At stage 10B, we found that both Dia (Fig. 4A2,B2, red arrowheads) and Ena (Fig. 4A3,C3, red arrowheads) were enriched at the nurse cell cortex adjacent to other nurse cells (Fig. 4D,E) and adjacent to the oocyte (Fig. 4J,K, green arrowheads), i.e. sites of fast-growing cables. In contrast, Dia (Fig. 4A2,C2,D, blue arrowheads), but not Ena (Fig. 4A3,C3,E, blue arrowheads), localized to the nurse cell cortex adjacent to the follicle cells where slower growing follicle cables are found. Comparison of cortical to cytoplasmic ratios at these two regions of cortex support the conclusion that Dia and Ena are similarly enriched at nurse cell borders, but only Dia is significantly enriched at follicle cell borders (Fig. 4F). Although the anti-Dia antibody cannot distinguish between active and inactive Dia, these results suggest that Dia may assemble filaments independent of Ena to produce the slower growing follicle cables, while the faster growing cables are the result of the combined activity of Dia and Ena. To examine this possibility further, we asked whether and how Dia and Ena colocalize at the nurse cell cortex. The barbed (growing) ends of the cables are often found in membrane evaginations or ‘pits’ protruding into neighboring nurse cells (Fig. 4G,H, arrowheads; Gates et al., 2009). The function of these cable pits is unknown. Ena is prominently localized at the base of these pits (Fig. 4G3,H2. arrowheads, G4,H3,4; Gates et al., 2009), similar to its localization in the filopodial tip complex (Leijnse et al., 2015). Dia is largely uniform at the nurse cell cortex (Fig. 4B2,G2), but also localizes to cable pits (Fig. 4G-I). Here, Dia is found along the shaft without Ena (Fig. 4G2, H1, arrowheads), but can also be found overlapping with Ena in the pit tip (Fig. 4H4, arrowhead). Ena and Dia exhibit a similar spatial relationship in some filopodia (Bilancia et al., 2014). On the follicle cell side of the nurse cell cortex, we did not find any evidence of cable pits (Fig. 4L, blue arrowhead). Based on these results, we predict that the differential localization of Dia and Ena may be responsible for the differences in cable growth rates.

Fig. 4.

Ena and Dia have both overlapping and distinct localization patterns at the nurse cell cortex. All tissue is w1118 (wild type). (A1-C3) Projections of five optical slices with a 0.2 µm step size. (C1) The muscle sheath surrounding the egg chamber and fragments of an actin cable originating from another region of the cortex are labeled (asterisks). (A1-F) Dia is enriched at all regions of the nurse cell cortex, while Ena is excluded from the cortex bordering the follicular epithelium. Lettered areas in A1-A3 are magnified in B1-B3, C1-C3, G1-G3 and H1-H3, as indicted. Dia is enriched at the nurse cell cortex at both nurse cell-nurse cell borders (A2, B2, red arrowheads), and at nurse cell-follicle cell borders (A2, C2, blue arrowheads). Ena is enriched at the nurse cell cortex at nurse cell-nurse cell borders (A3, B3, red arrowheads), but not at nurse cell-follicle cell borders (A3, C3, blue arrowheads). Quantification of Dia (D) and Ena (E) fluorescent intensity at the cortex as indicated compared with their fluorescent intensity in the cytoplasm. (F) Comparison of Dia and Ena cortical enrichment as indicated. (G1-G4) Ena and Dia localize to the actin cable pits (arrowheads). G2 and G3 are single optical sections and G1 is a projection of two optical slices to capture the distal ends of the actin cables. (H1-H4) Some Dia (H1, arrowhead) colocalizes with Ena (H2, arrowhead) in the tip of the cable pit.
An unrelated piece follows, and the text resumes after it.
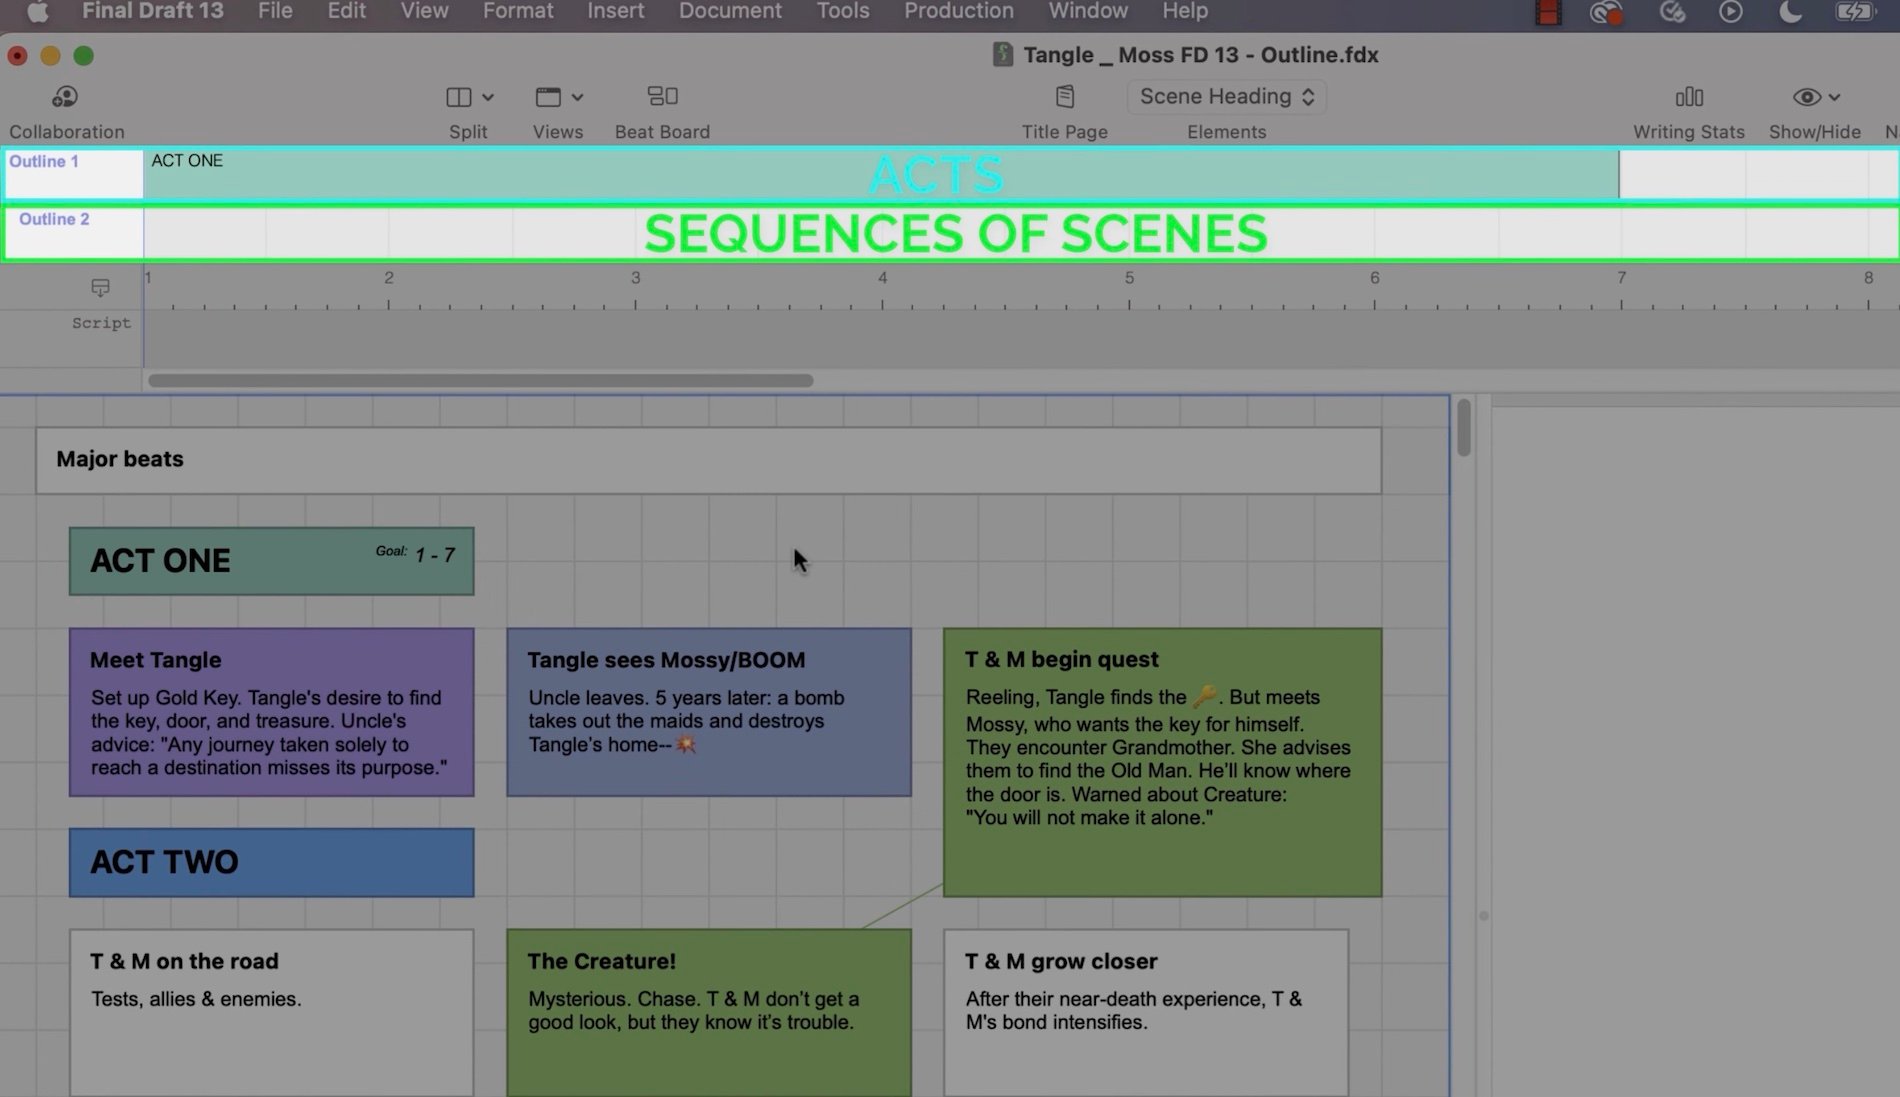 Acts and Sequences of Scenes in Final Draft 13, Map Out Your Story With Personalized Outlining in Final Draft 13

Colocalized pixels are shown in white (H4, arrowhead). (I) Schematic of Dia, Ena and actin localization in pits based on the images in G and H. Dia (J) and Ena (K) localize to the nurse cell-oocyte border (green arrowheads). (L) Dia localizes to pits at nurse cell-nurse cell borders (red arrowhead), but no pits were observed at nurse cell-follicle cell borders (blue arrowhead). (D-F) One-way ANOVA, n=6. *P<0.03, **P<0.002, ***P<0.0002, ****P<0.0001 Tukey's post-hoc analysis. n=number of egg chambers. All experiments were replicated at least three times and data are mean±s.e.m.

Fig. 4.

Ena and Dia have both overlapping and distinct localization patterns at the nurse cell cortex. All tissue is w1118 (wild type). (A1-C3) Projections of five optical slices with a 0.2 µm step size. (C1) The muscle sheath surrounding the egg chamber and fragments of an actin cable originating from another region of the cortex are labeled (asterisks). (A1-F) Dia is enriched at all regions of the nurse cell cortex, while Ena is excluded from the cortex bordering the follicular epithelium. Lettered areas in A1-A3 are magnified in B1-B3, C1-C3, G1-G3 and H1-H3, as indicted. Dia is enriched at the nurse cell cortex at both nurse cell-nurse cell borders (A2, B2, red arrowheads), and at nurse cell-follicle cell borders (A2, C2, blue arrowheads). Ena is enriched at the nurse cell cortex at nurse cell-nurse cell borders (A3, B3, red arrowheads), but not at nurse cell-follicle cell borders (A3, C3, blue arrowheads). Quantification of Dia (D) and Ena (E) fluorescent intensity at the cortex as indicated compared with their fluorescent intensity in the cytoplasm. (F) Comparison of Dia and Ena cortical enrichment as indicated. (G1-G4) Ena and Dia localize to the actin cable pits (arrowheads). G2 and G3 are single optical sections and G1 is a projection of two optical slices to capture the distal ends of the actin cables. (H1-H4) Some Dia (H1, arrowhead) colocalizes with Ena (H2, arrowhead) in the tip of the cable pit. Colocalized pixels are shown in white (H4, arrowhead). (I) Schematic of Dia, Ena and actin localization in pits based on the images in G and H. Dia (J) and Ena (K) localize to the nurse cell-oocyte border (green arrowheads). (L) Dia localizes to pits at nurse cell-nurse cell borders (red arrowhead), but no pits were observed at nurse cell-follicle cell borders (blue arrowhead). (D-F) One-way ANOVA, n=6. *P<0.03, **P<0.002, ***P<0.0002, ****P<0.0001 Tukey's post-hoc analysis. n=number of egg chambers. All experiments were replicated at least three times and data are mean±s.e.m.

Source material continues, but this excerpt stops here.